Likewise, the bad taste has also emanated from both the ruling party and the Opposition. George Fernandes’s calling the prime minister a serial bluffer and suggesting that in another country he would have been shot has embarrassed even his most loyal friends. J. Jayalalithaa’s insinuation that the prime minister was so much in favour of the deal because his daughter and son-in-law were American citizens was cheaper still. (One can find fault with Manmohan Singh on many counts, but never on the counts of his integrity and patriotism. In fact, it is more likely that the hysterical anti-Americanism of some Opposition leaders is not unconnected to the fact that their own children are American residents or citizens.) Still, the Opposition’s excesses in this regard were equalled or perhaps even exceeded by the comments made about them by the serving Indian ambassador to the US, Ronen Sen. To call opponents of the deal “headless chicken[s]” (later denied by him) was petty and vain in equal measure. And Sen’s fawning praise of George Bush might have made even Jaswant Singh squirm in embarrassment.
In the matter of bad taste, it is the communists who come out least badly. Their arguments and claims about the nuclear deal might have been ill-considered, but they were not, so far as I can tell, vulgar.
I come, finally, to the rank careerism displayed in connection with this most contentious deal.
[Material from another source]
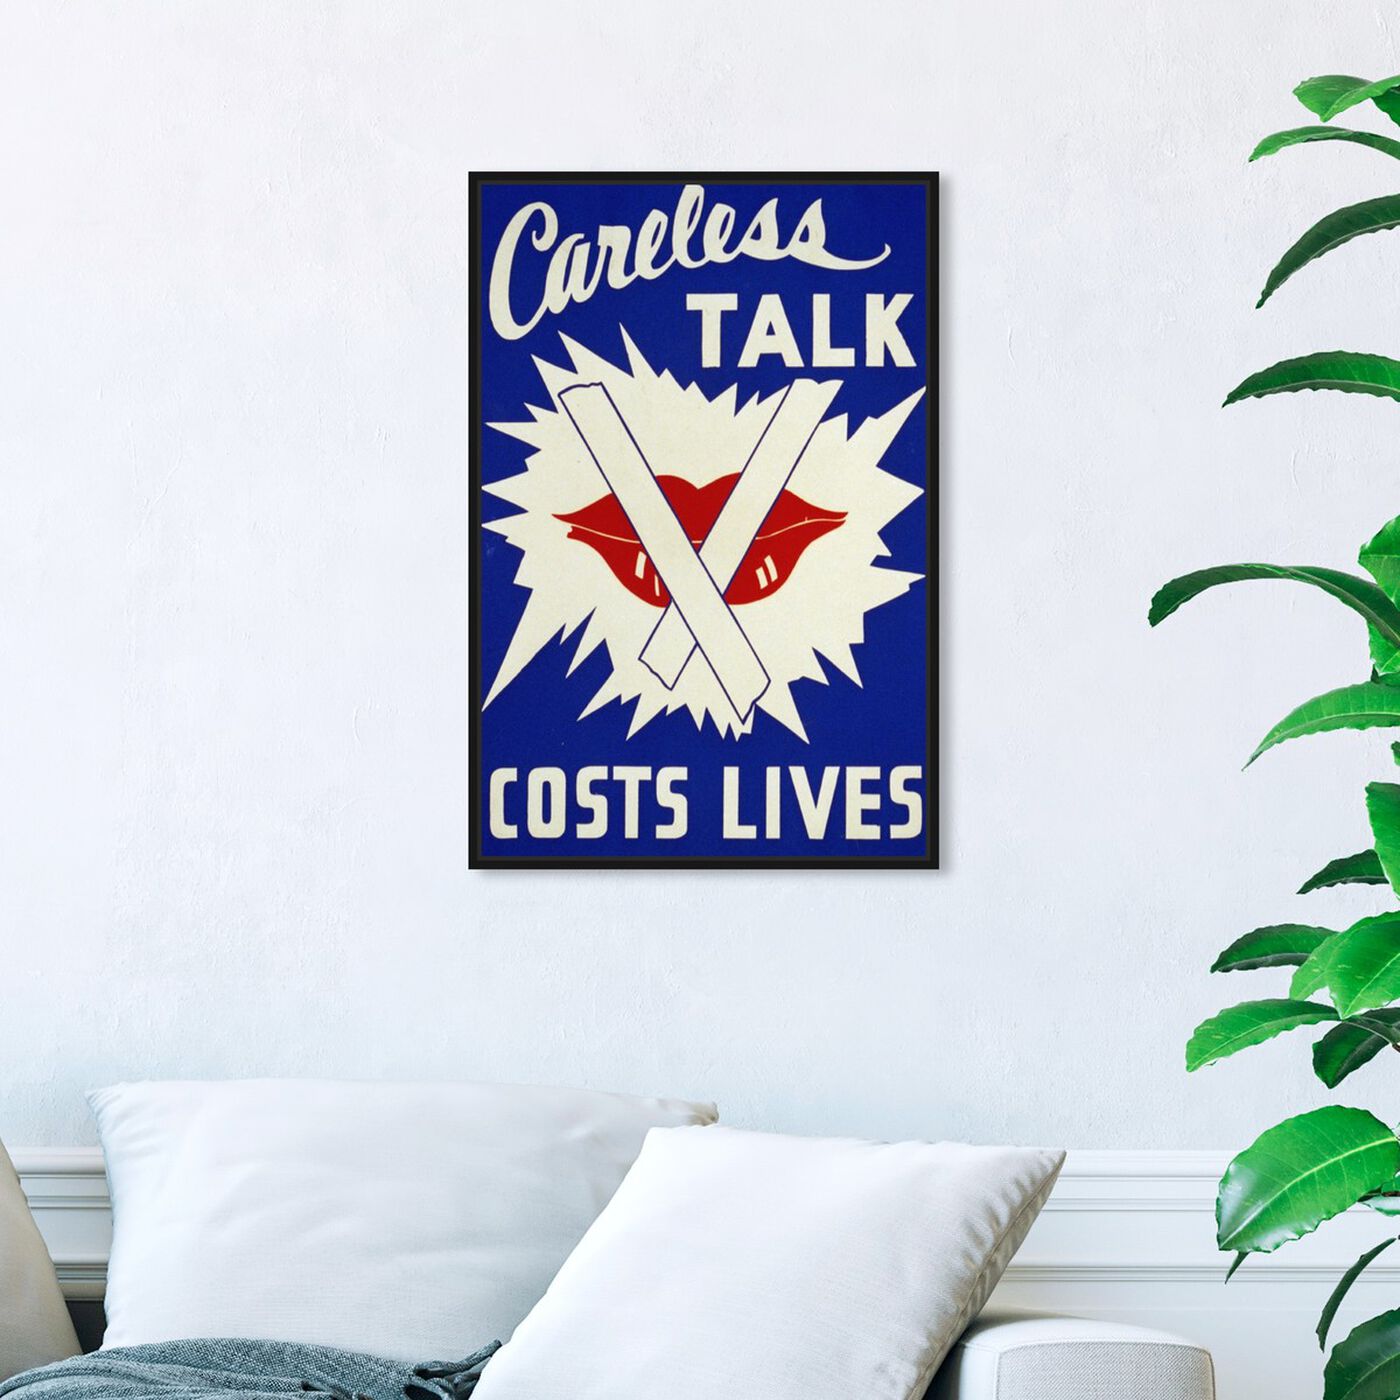 Hanging view of Careless Talk featuring advertising and posters art.

On August 12, a Delhi newspaper published a leading article with the title “Trust the Treaty”. The caption gave away the line of argument. But what was significant was not what was being said but who was saying it. The article was written by S.K. Singh, at the time the governor of the Indian state of Arunachal Pradesh. Seeing his byline, I rang a friend in Delhi. “Surely it is unconstitutional for a serving governor to go out and bat for the government like this?” I asked. “Treat the article not as a violation of constitutional propriety but as a job application,” answered my friend. “He wants a bigger state.”
Oddly enough, with the media and the political parties so obsessively focussed on the rift between the Congress and the Left, no one else seems to have noticed S.K. Singh’s transgression. I have seen no comment on it in the press. By contrast, every word uttered by Prakash Karat has been minutely examined. The comments made by George Fernandes and Jayalalithaa have been reported and deplored. The remarks, on or off the record, of the ambassador, Sen, have been debated ad nauseam. One newspaper has called for his immediate recall; another has run a long article defending him.
As a leader of a major political party, Karat is fully entitled to express his views on the nuclear deal, in private or in public. So are Fernandes and Jayalalithaa, although one would wish they used more decorous language. Sen was certainly foolish in saying what he did. But he said what he did on the spur of the moment. In contrast, his former foreign service colleague and fellow political appointee, S.K. Singh, devoted a good deal of thought to the piece he published in the Hindustan Times. I have no doubt that he believed in what he said, and no doubt either that he knew that, given the position he held, he should not be saying it in public. He might have calculated that, in the present climate of unconcern for norms and propriety, anything goes.
He was right. It was not just that his transgression was not noticed; it was actually rewarded. In the reshuffle of governors announced last week, S.K. Singh was shifted from Arunachal Pradesh to Rajasthan — a more populous state, a much more important one, and closer (in all respects) to Delhi.
On the whole, and from all sides, the debate around the nuclear deal has been largely lacking in decorum. Its spirit is perhaps best captured in the Bengali word abhadra. Even in this crowded field, it should not be too hard to choose the most abhadra of the acts on display — namely, S.K. Singh’s job application. That it has been so quickly acted upon, and in his favour, is merely a marker of the times we live in.